Instructions for the task
Transcribe the full listing below, word for word, without pictures.

Data extract
- Opening Delimiter -

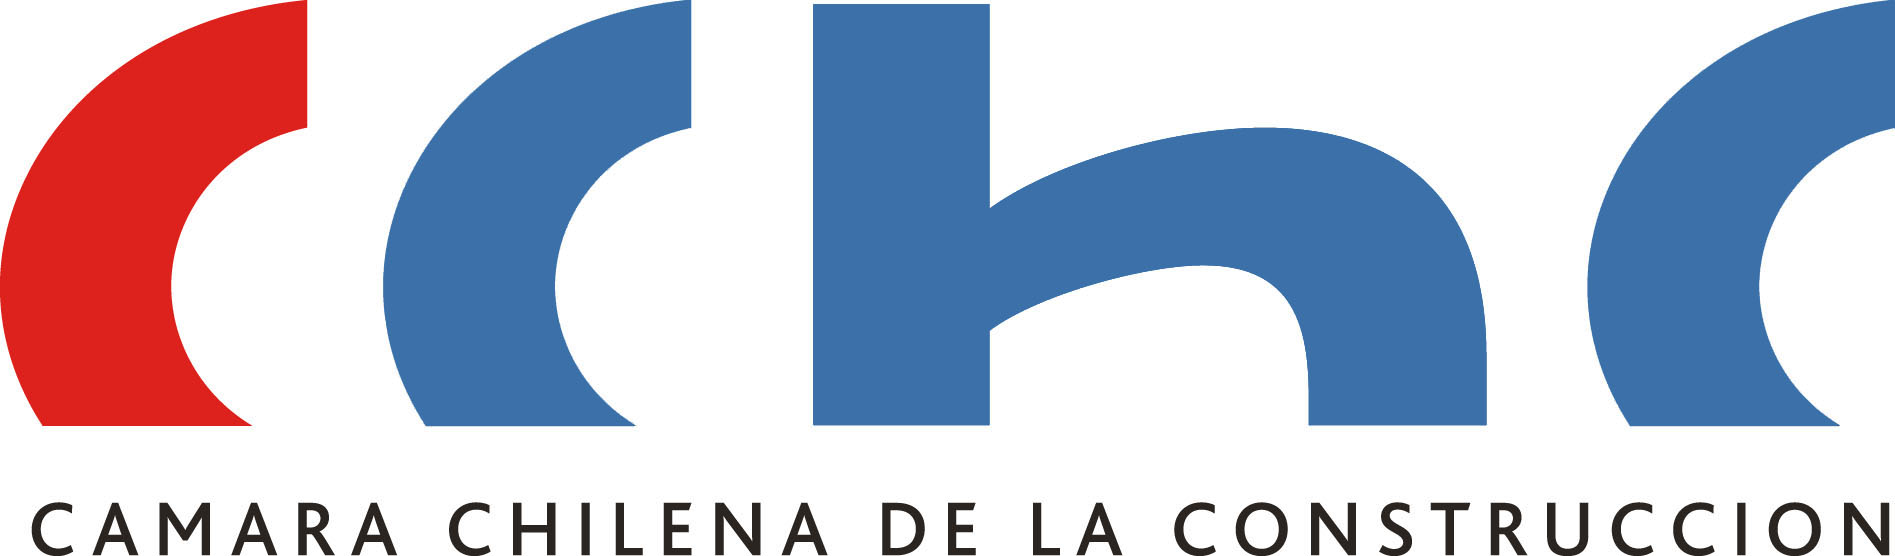 Logo-CChC4.jpg
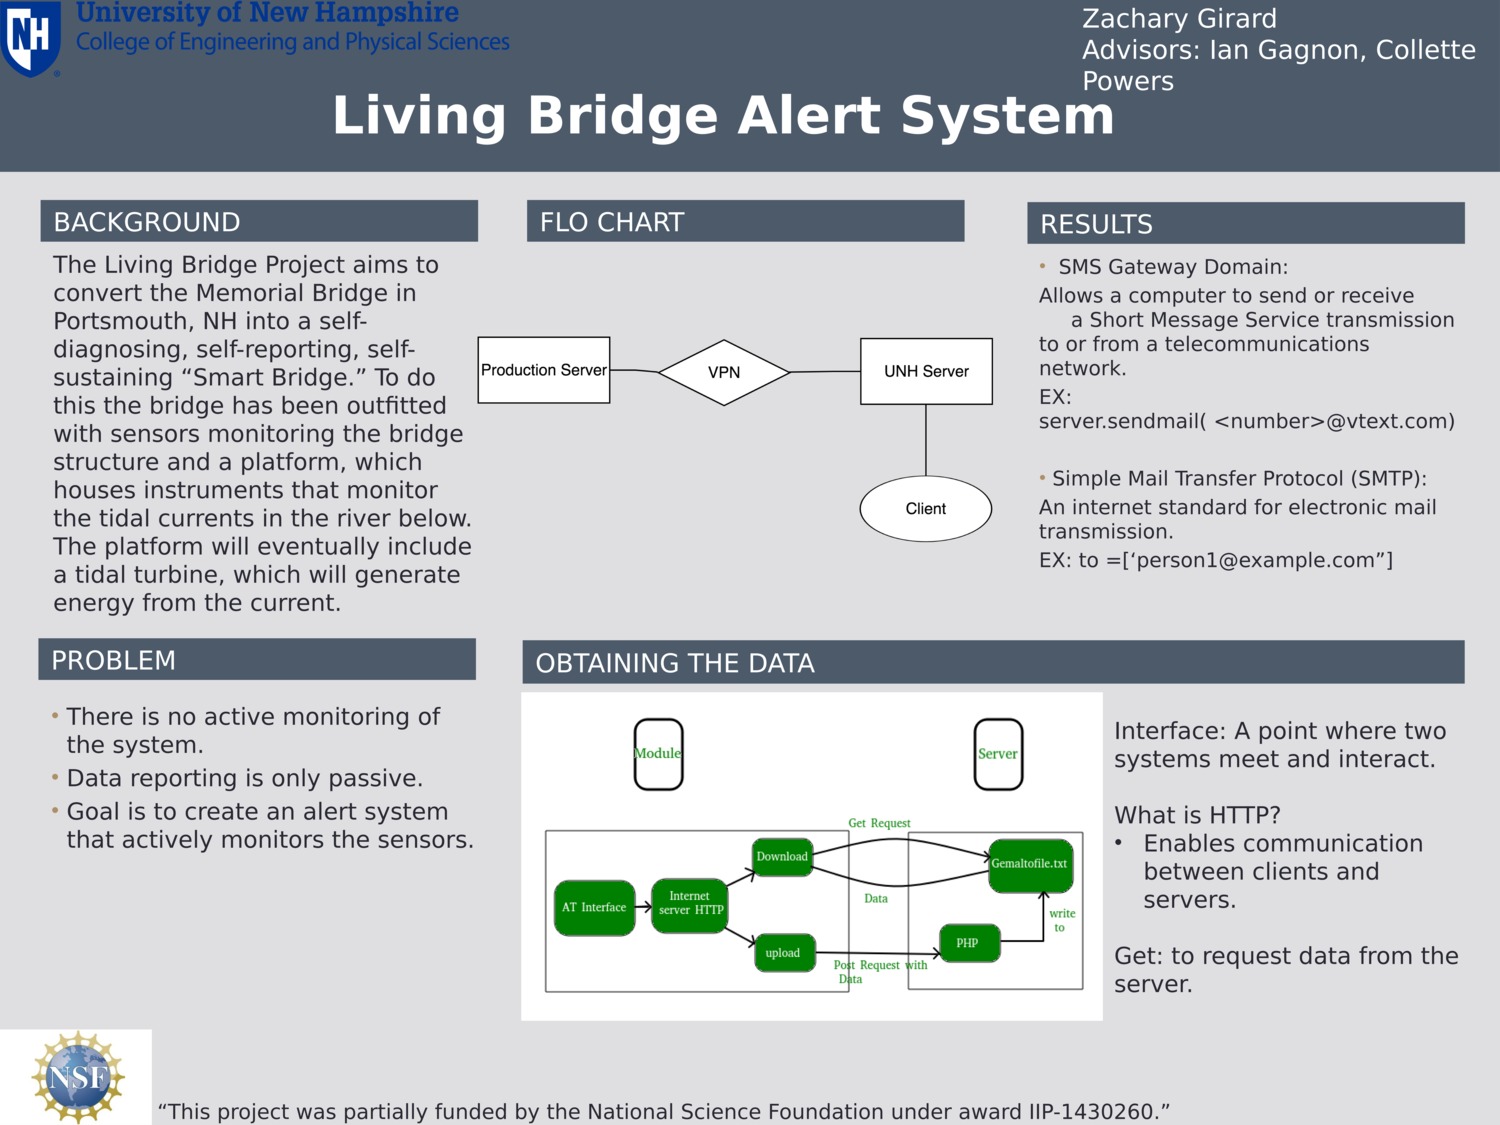 Living Bridge Alert System by zag2000
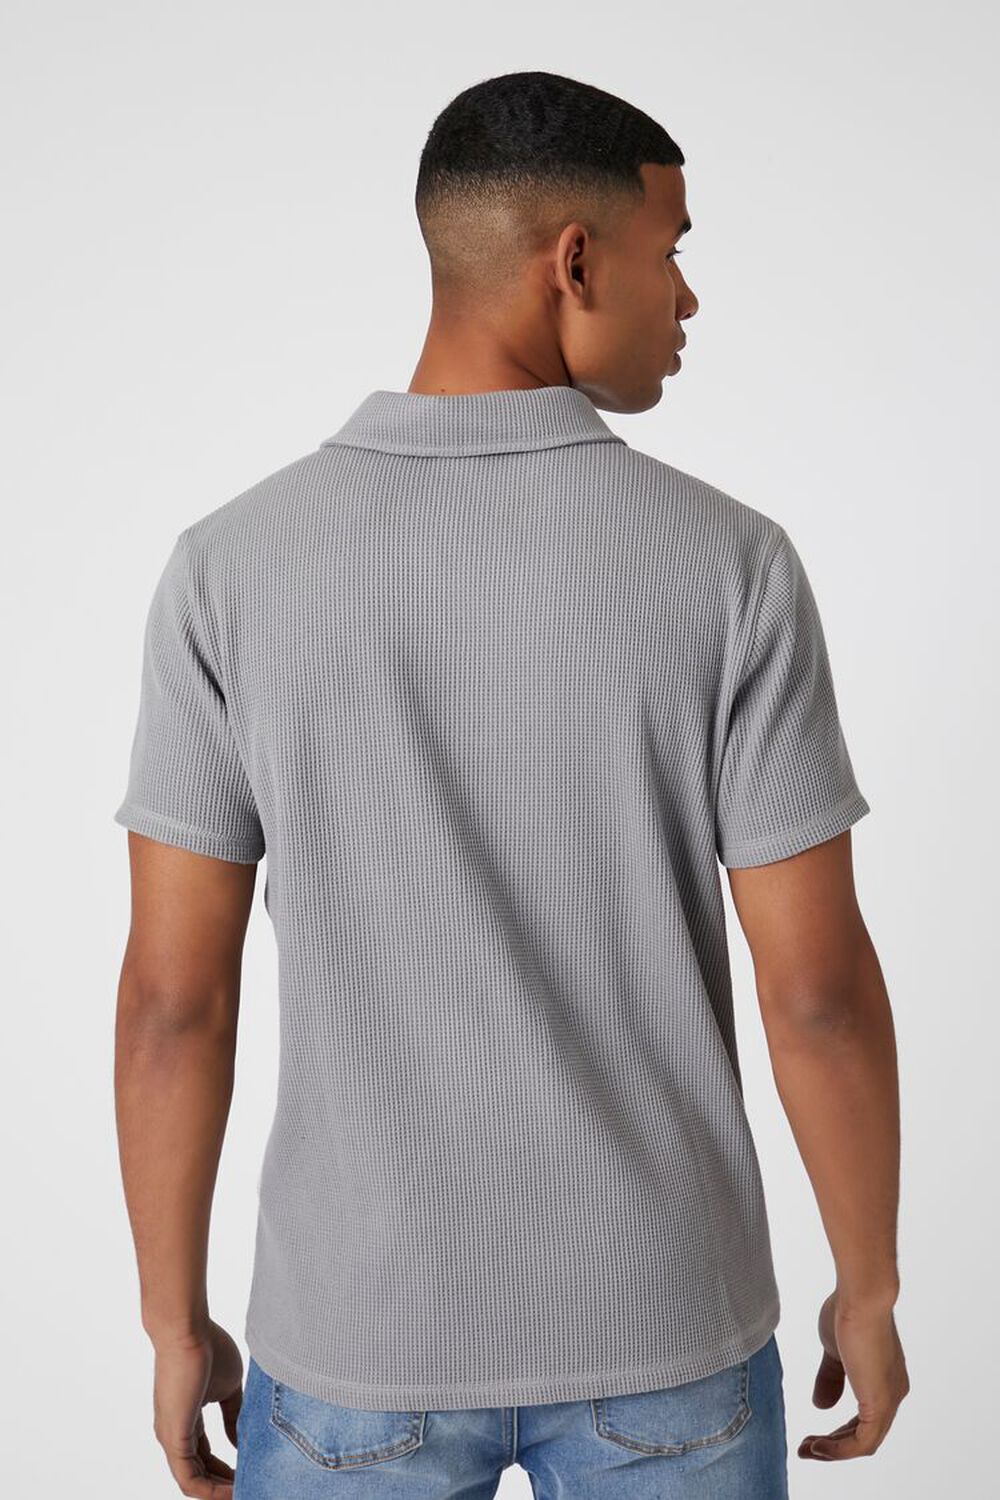 HARBOR GREY Ribbed Slim-Fit Pocket Polo Shirt, image 3

- Closing Delimiter -

Result for this exercise
 Logo-CChC4.jpg
 Living Bridge Alert System by zag2000
 HARBOR GREY Ribbed Slim-Fit Pocket Polo Shirt, image 3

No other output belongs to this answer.